[DATA TO USE — start]

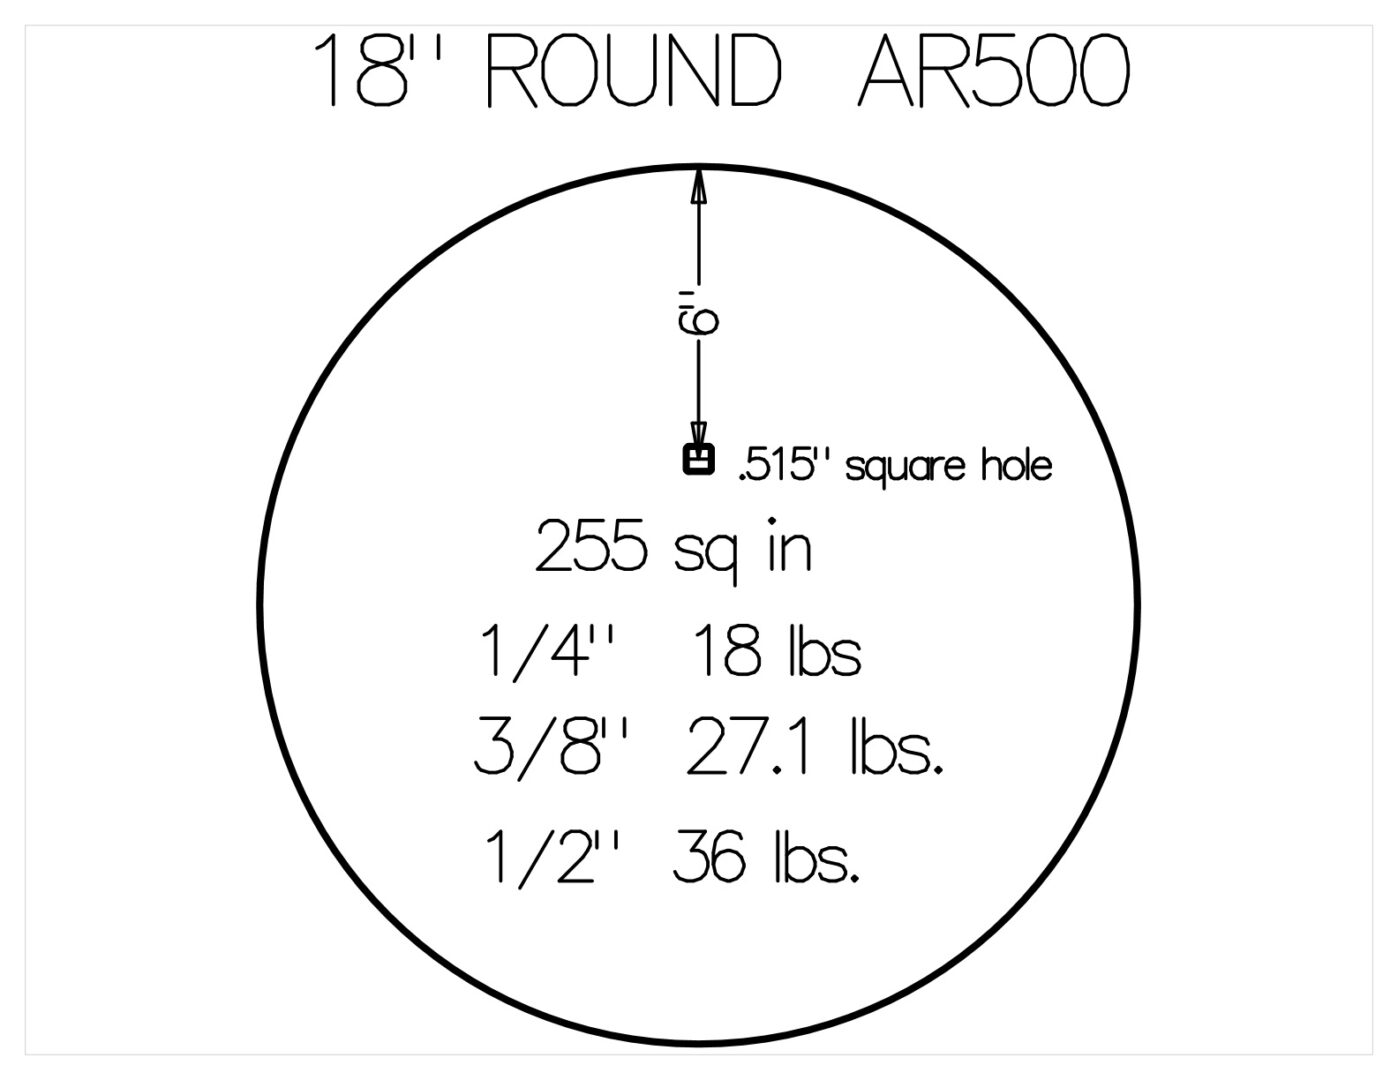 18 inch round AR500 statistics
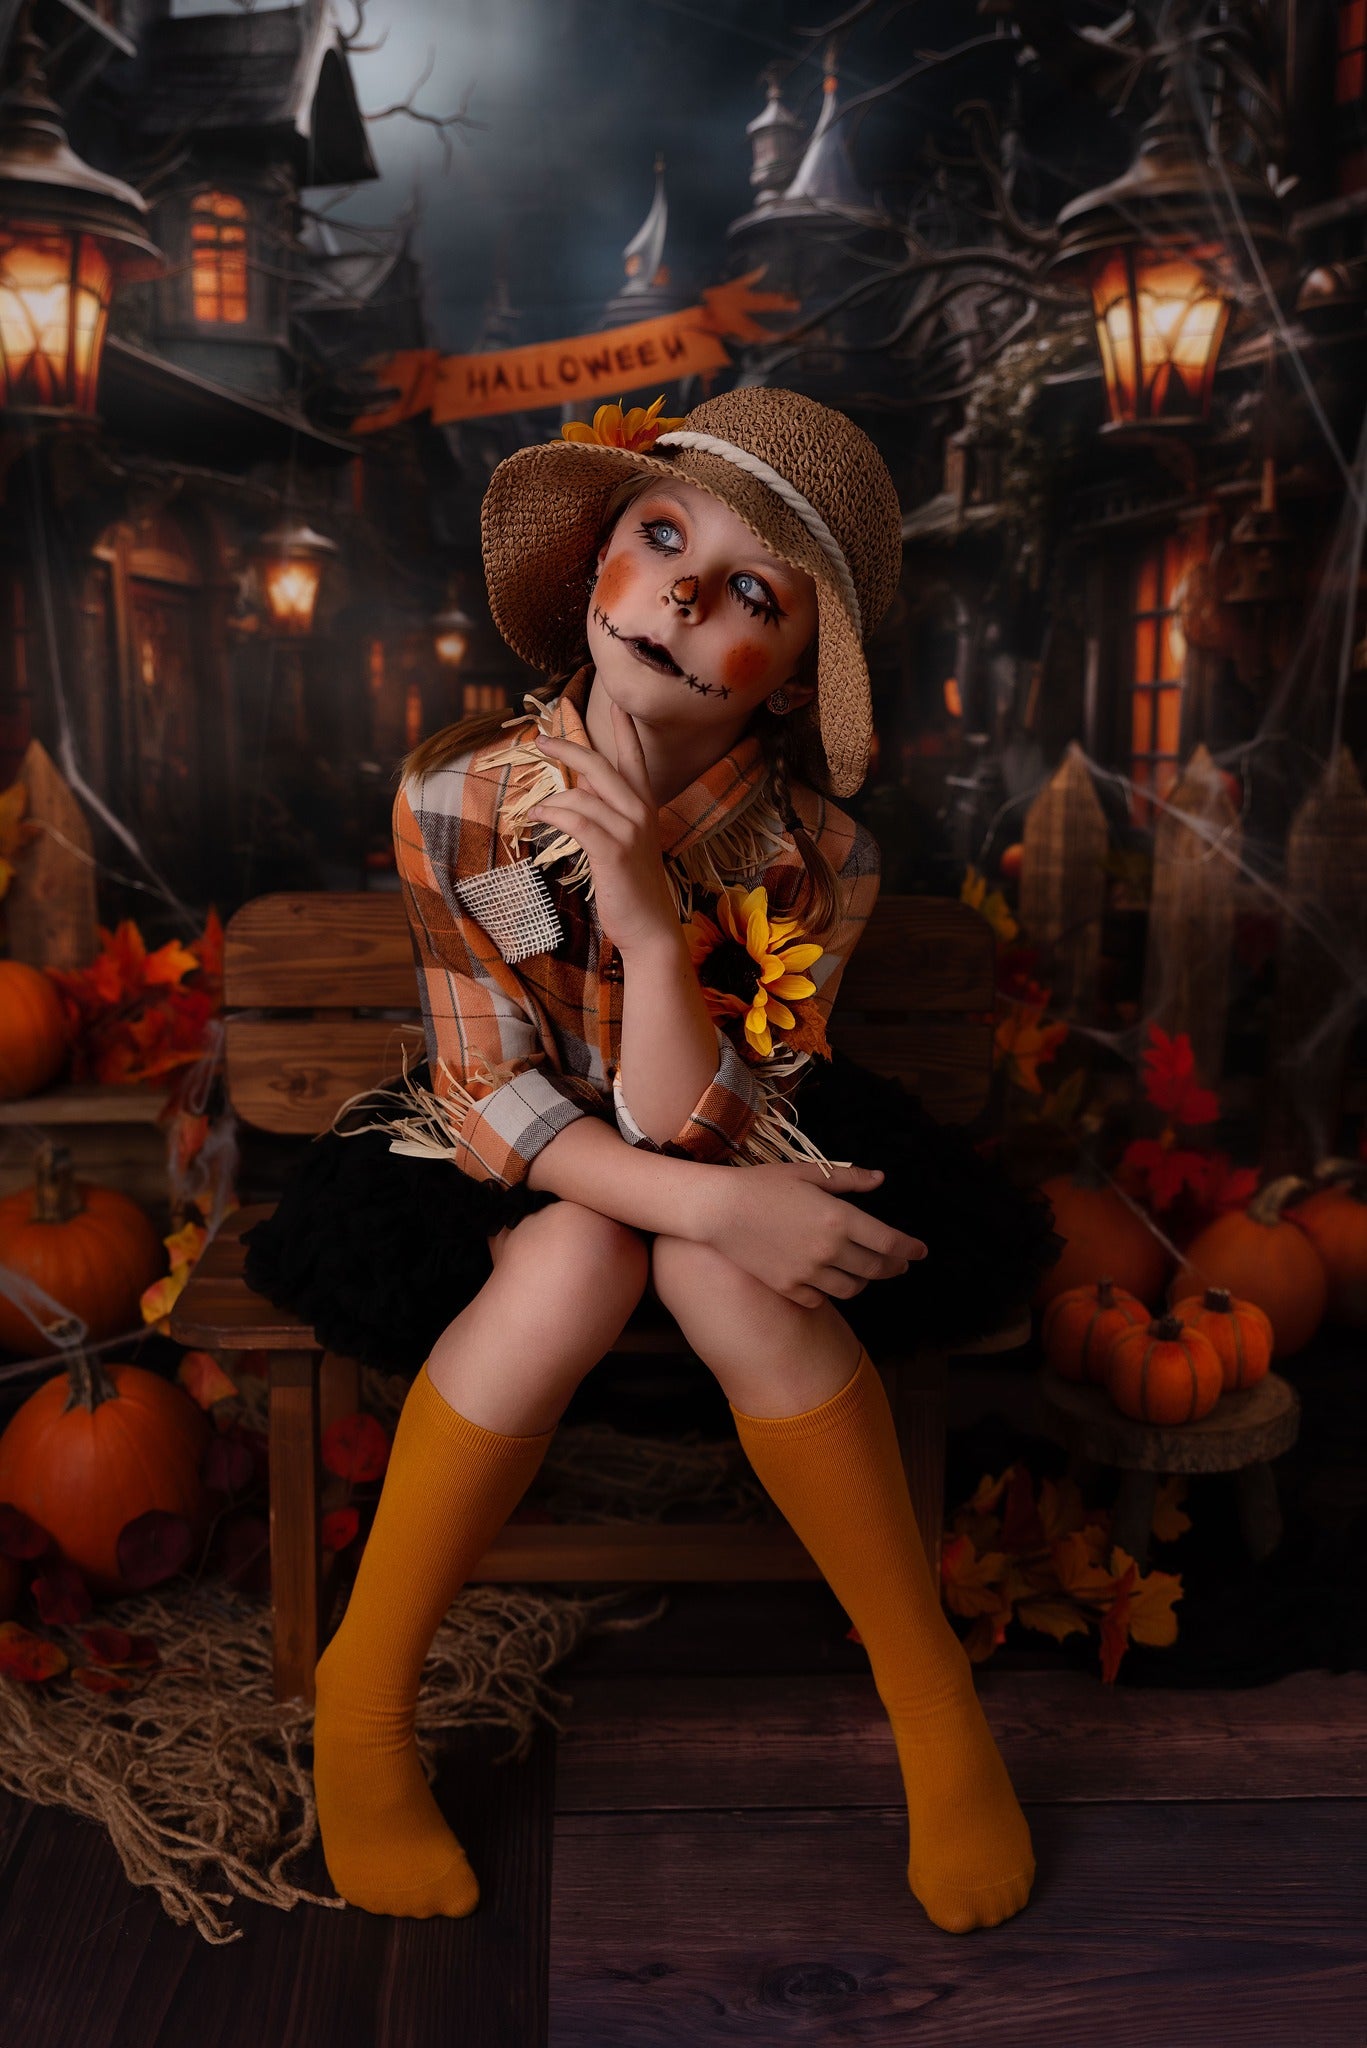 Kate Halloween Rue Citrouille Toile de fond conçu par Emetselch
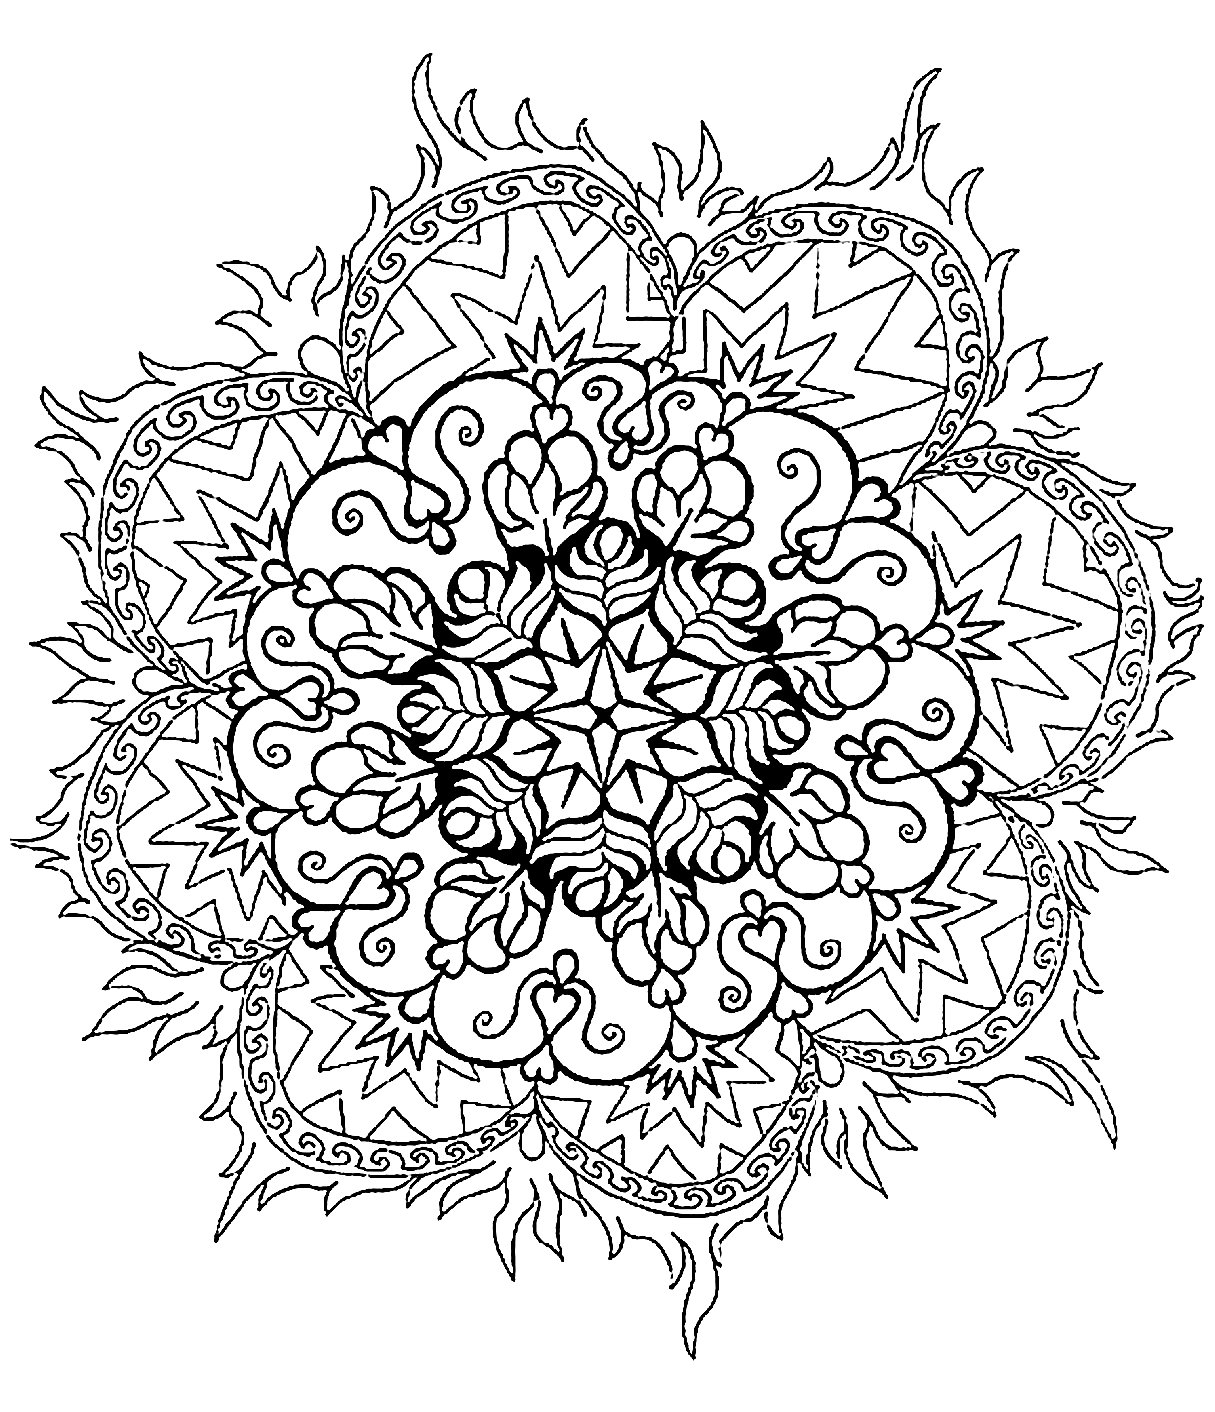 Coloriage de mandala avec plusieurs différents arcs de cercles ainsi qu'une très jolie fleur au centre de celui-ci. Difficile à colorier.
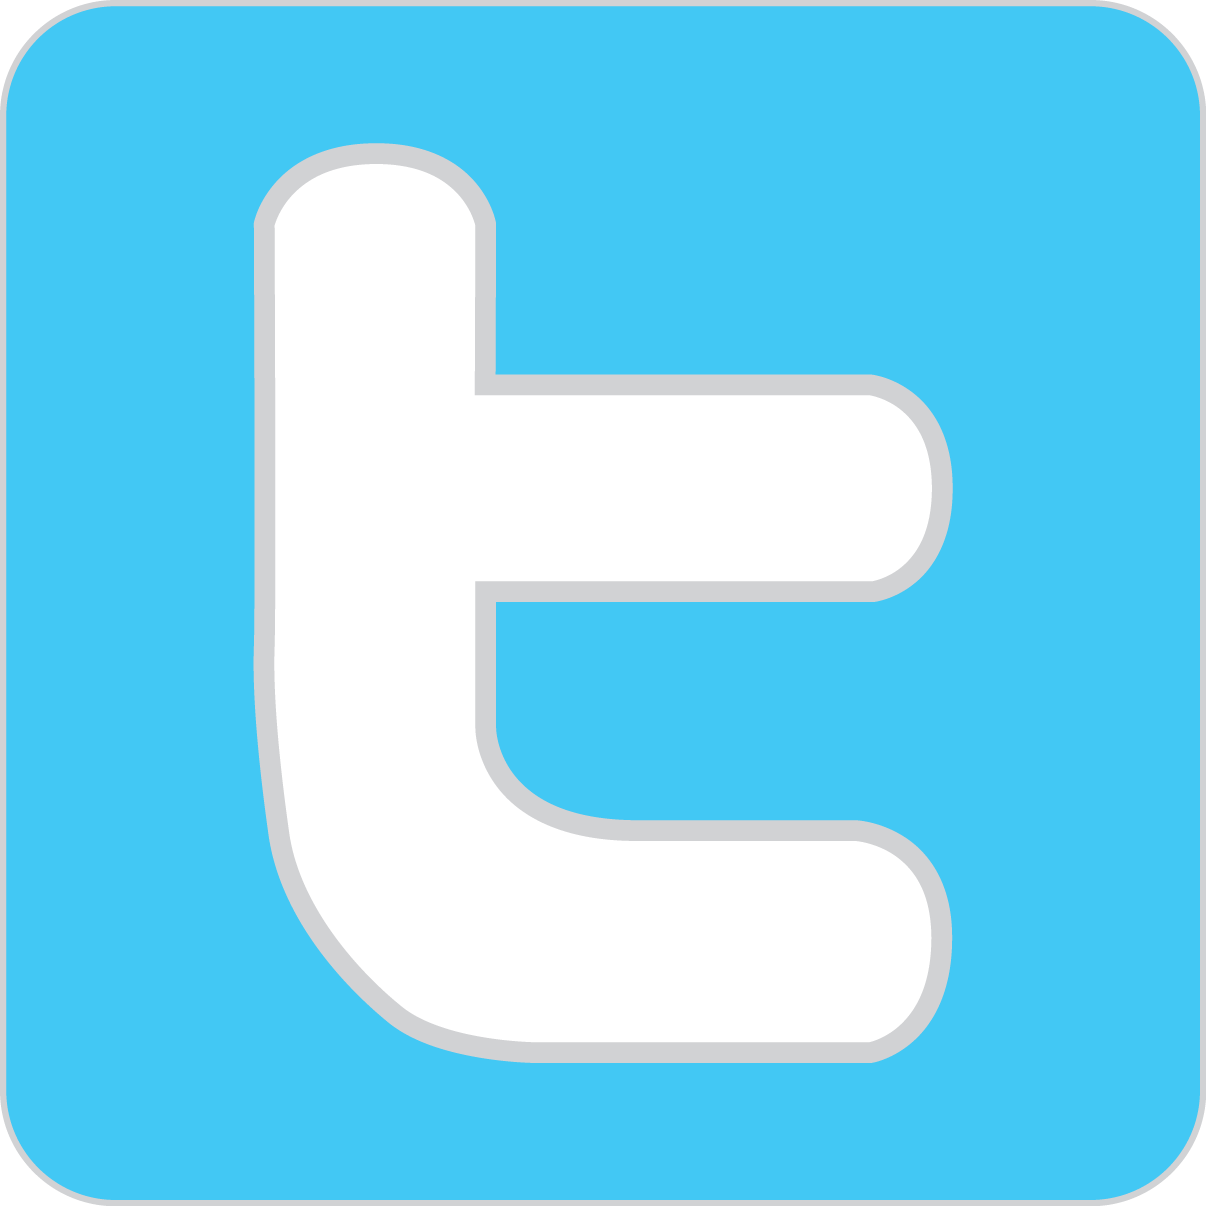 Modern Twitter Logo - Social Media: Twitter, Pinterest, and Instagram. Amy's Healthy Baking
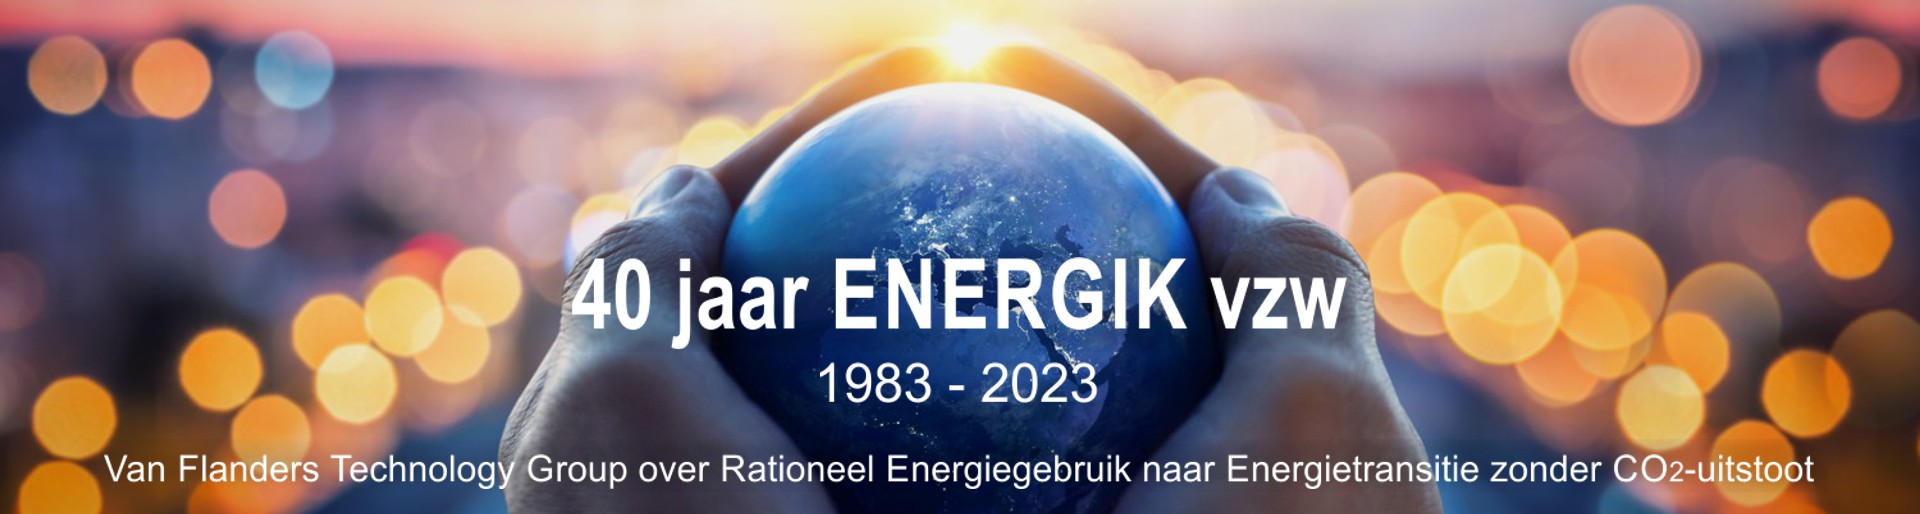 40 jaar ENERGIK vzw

[DATA TO USE — finish]

TASK ITEM:
Exactly repeat the data above; the pictures do not belong in your copy.

WRITTEN SOLUTION:
 18 inch round AR500 statistics
 Kate Halloween Rue Citrouille Toile de fond conçu par Emetselch
 Coloriage de mandala avec plusieurs différents arcs de cercles ainsi qu'une très jolie fleur au centre de celui-ci. Difficile à colorier.
 Modern Twitter Logo - Social Media: Twitter, Pinterest, and Instagram. Amy's Healthy Baking
 40 jaar ENERGIK vzw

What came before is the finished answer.